* **Information provided**
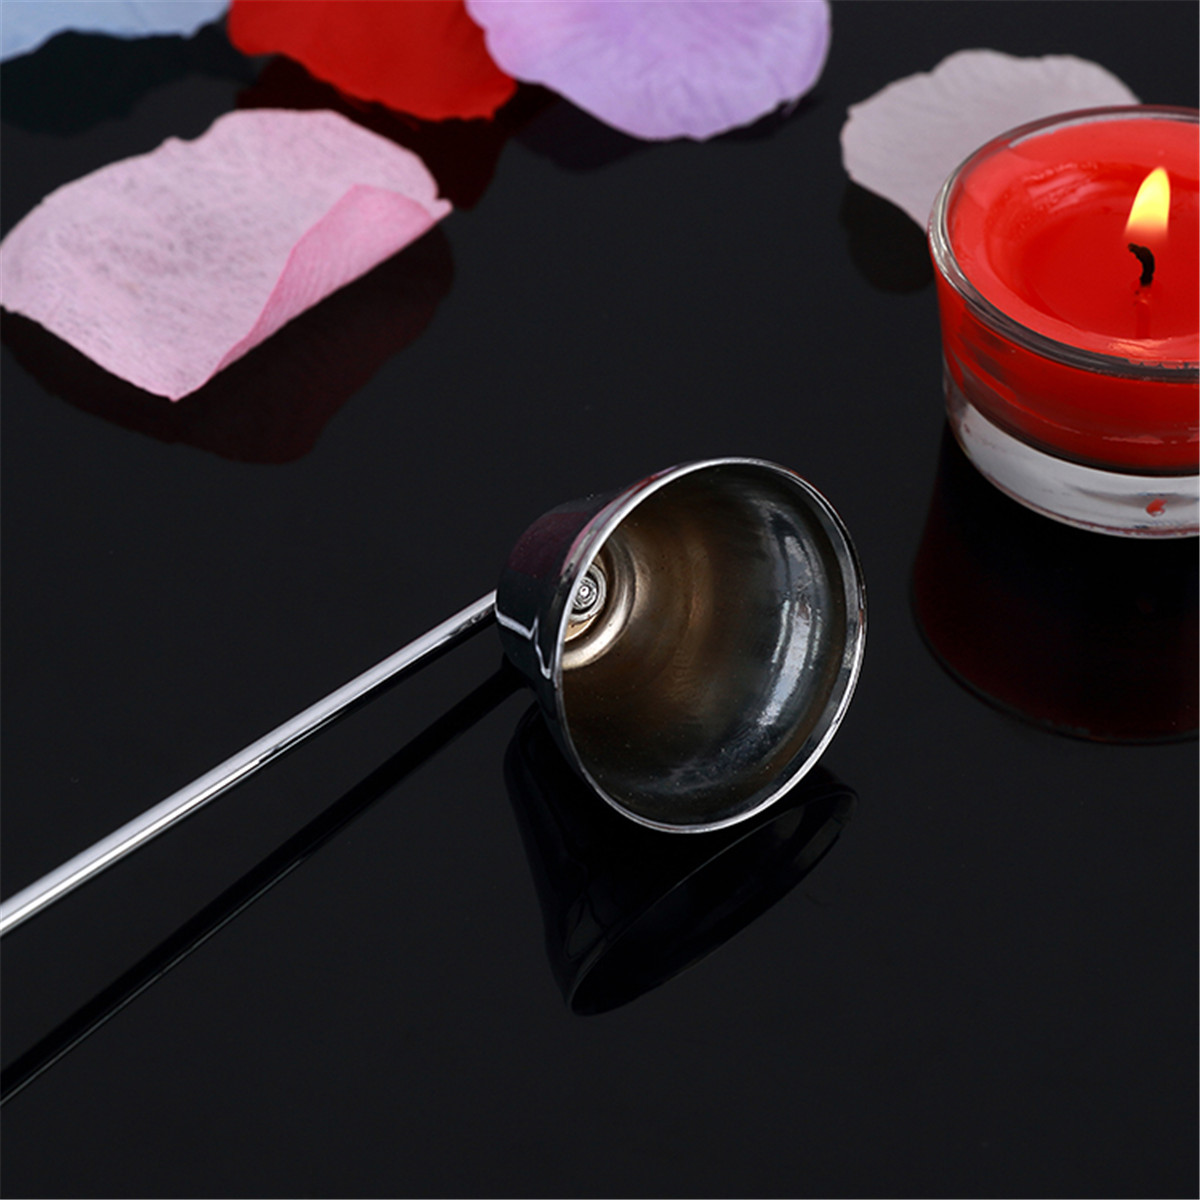 Stainless-Steel-Candle-Snuffer-Silver-Long-Extinguisher-for-Tea-Light-Candle-Tool-1252840-5
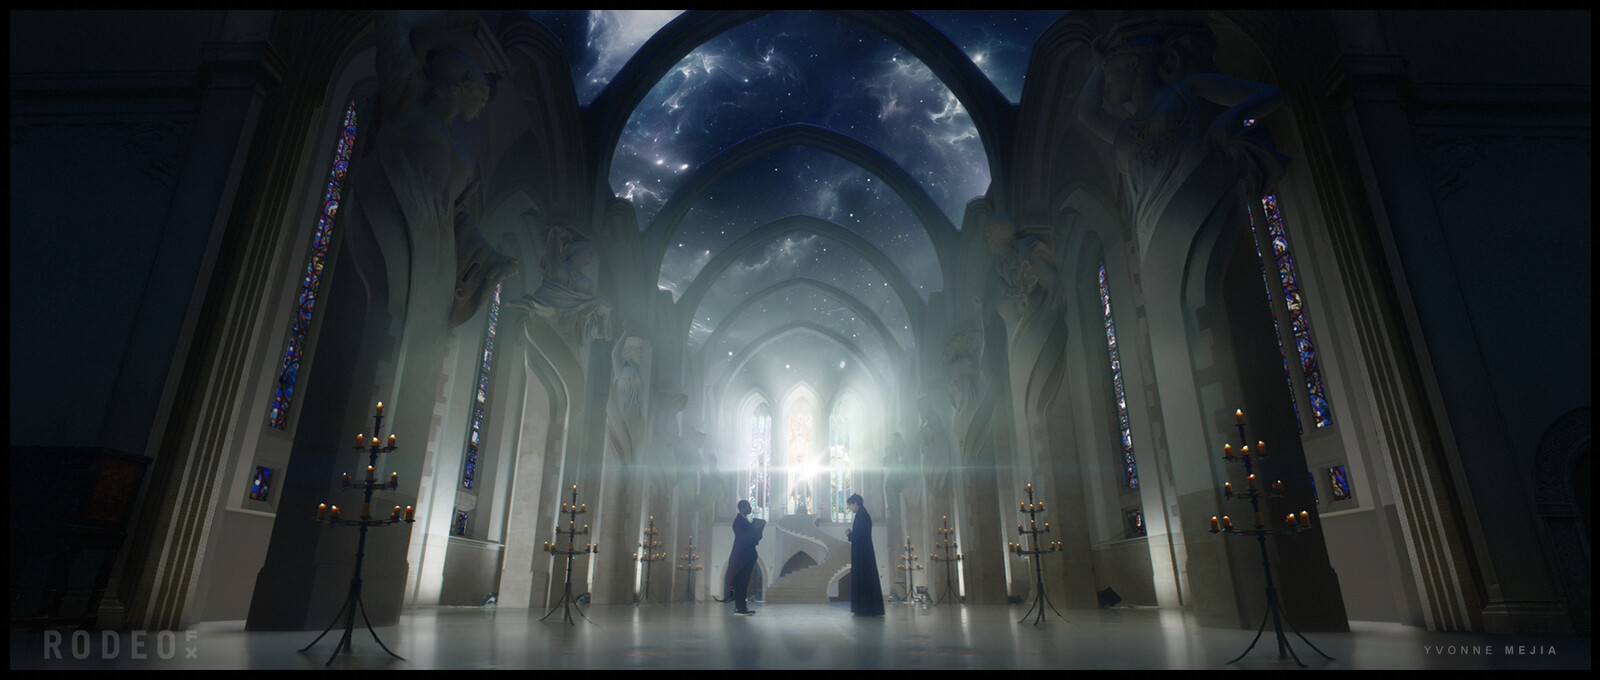 Post-prod concept over plate. Modifications to church and cosmic sky added above.
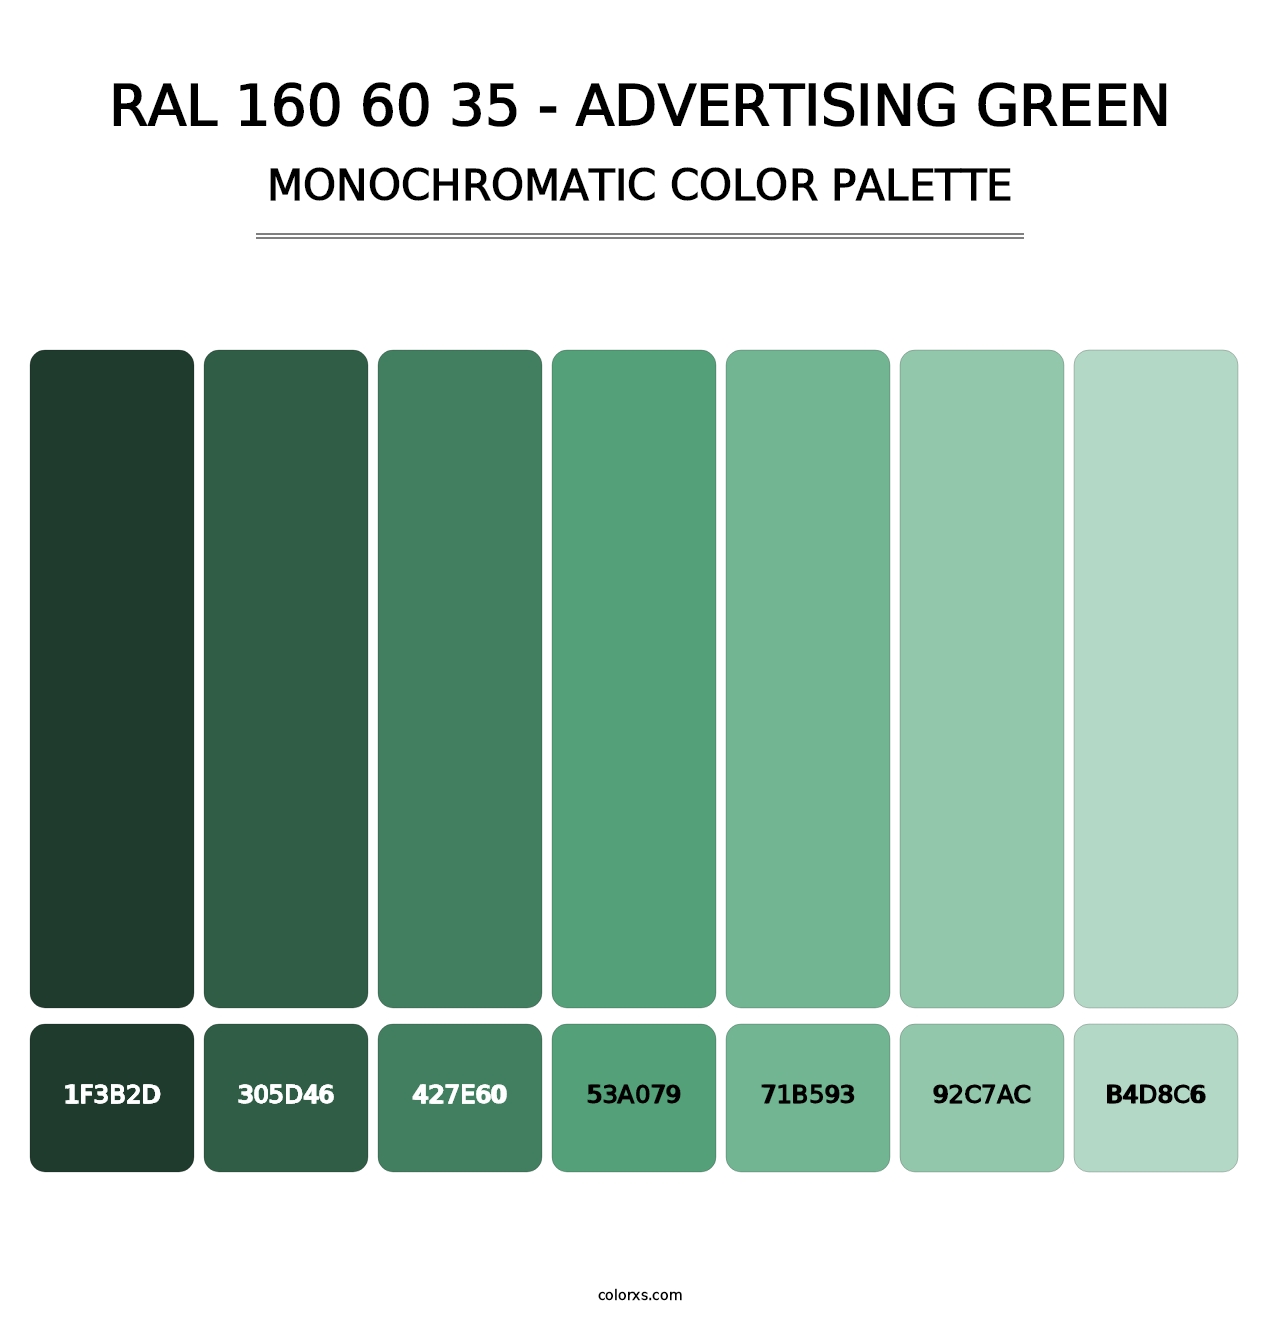 RAL 160 60 35 - Advertising Green - Monochromatic Color Palette
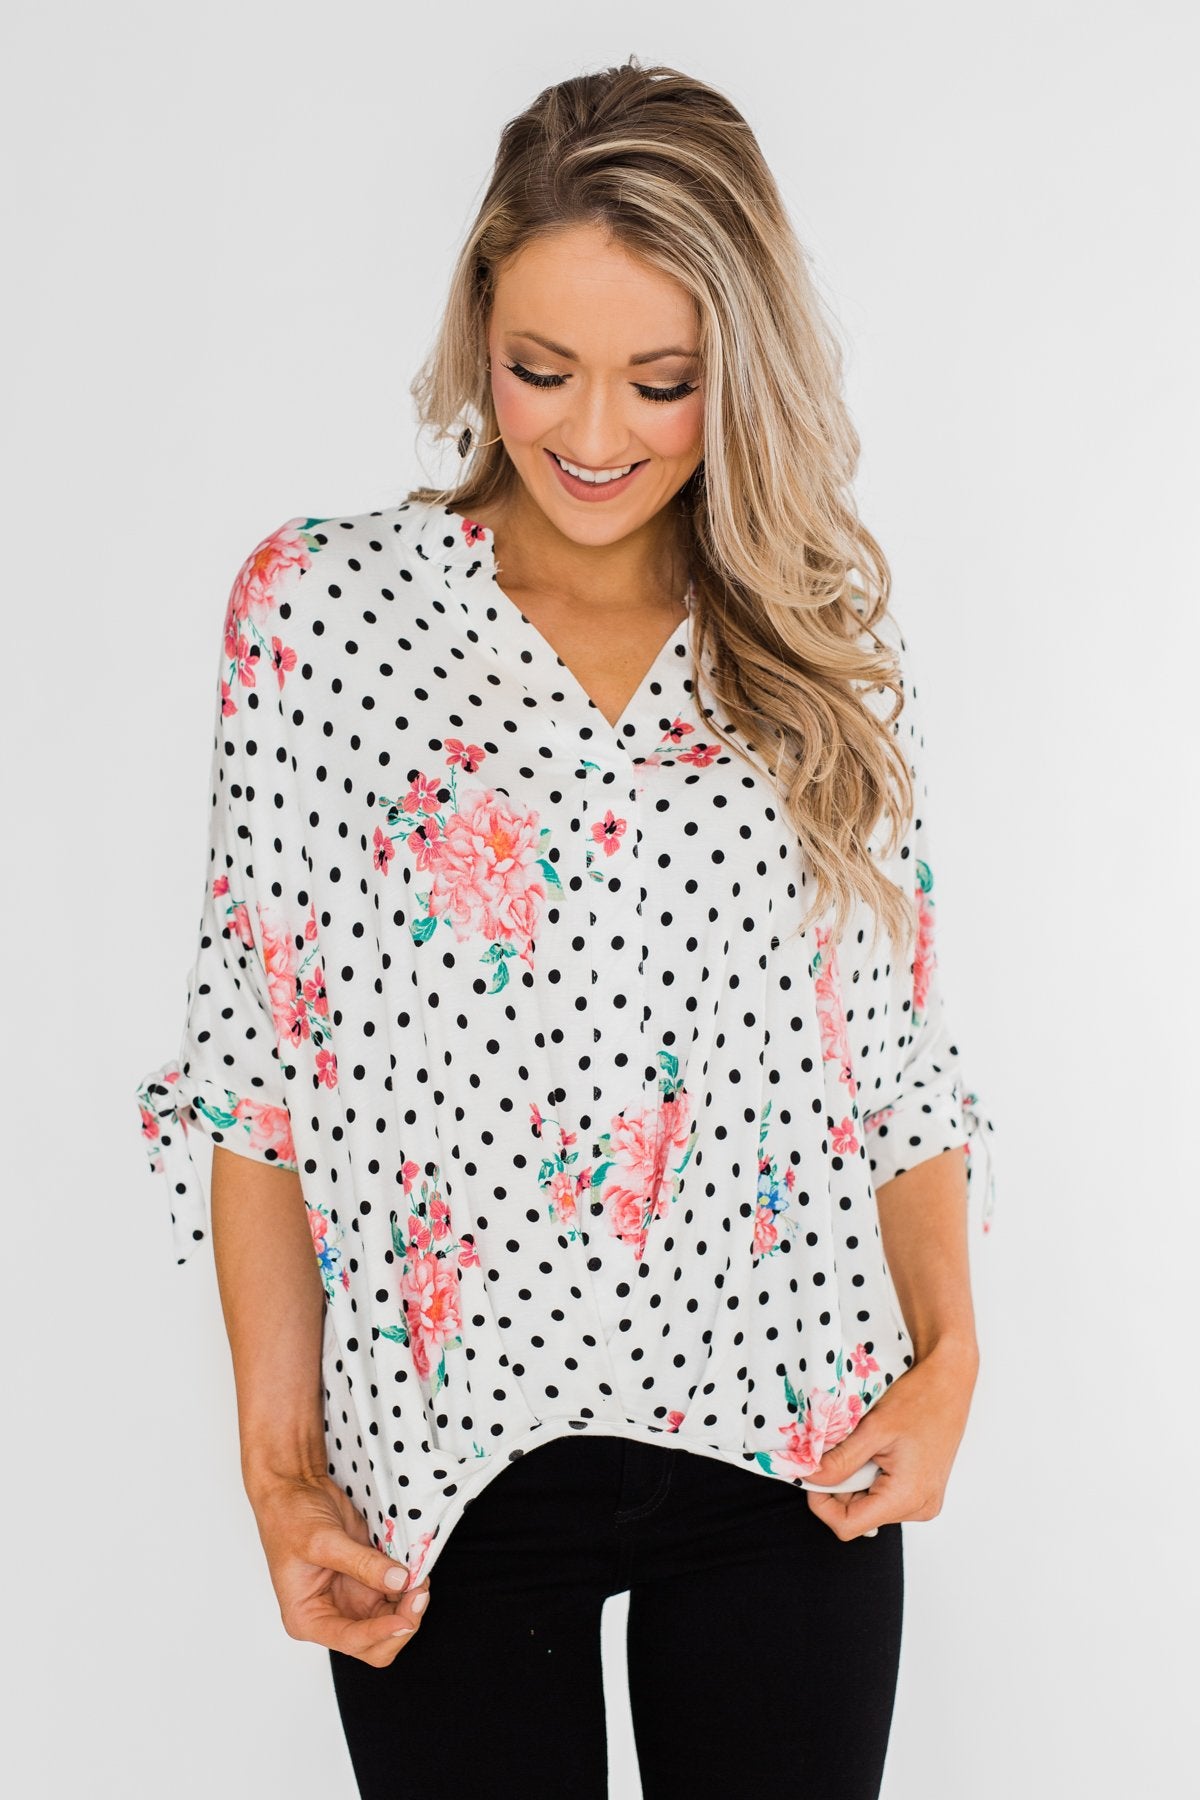 Show You Off Polka Dot & Floral Top- Ivory

* **What you should do**
If a picture falls within the span, leave it out, and reproduce exactly the lines from the one containing "RAL 160 60 35" through the end of the material, and no others.

* **Result below**
 RAL 160 60 35 - Advertising Green - Monochromatic Color Palette
 Show You Off Polka Dot & Floral Top- Ivory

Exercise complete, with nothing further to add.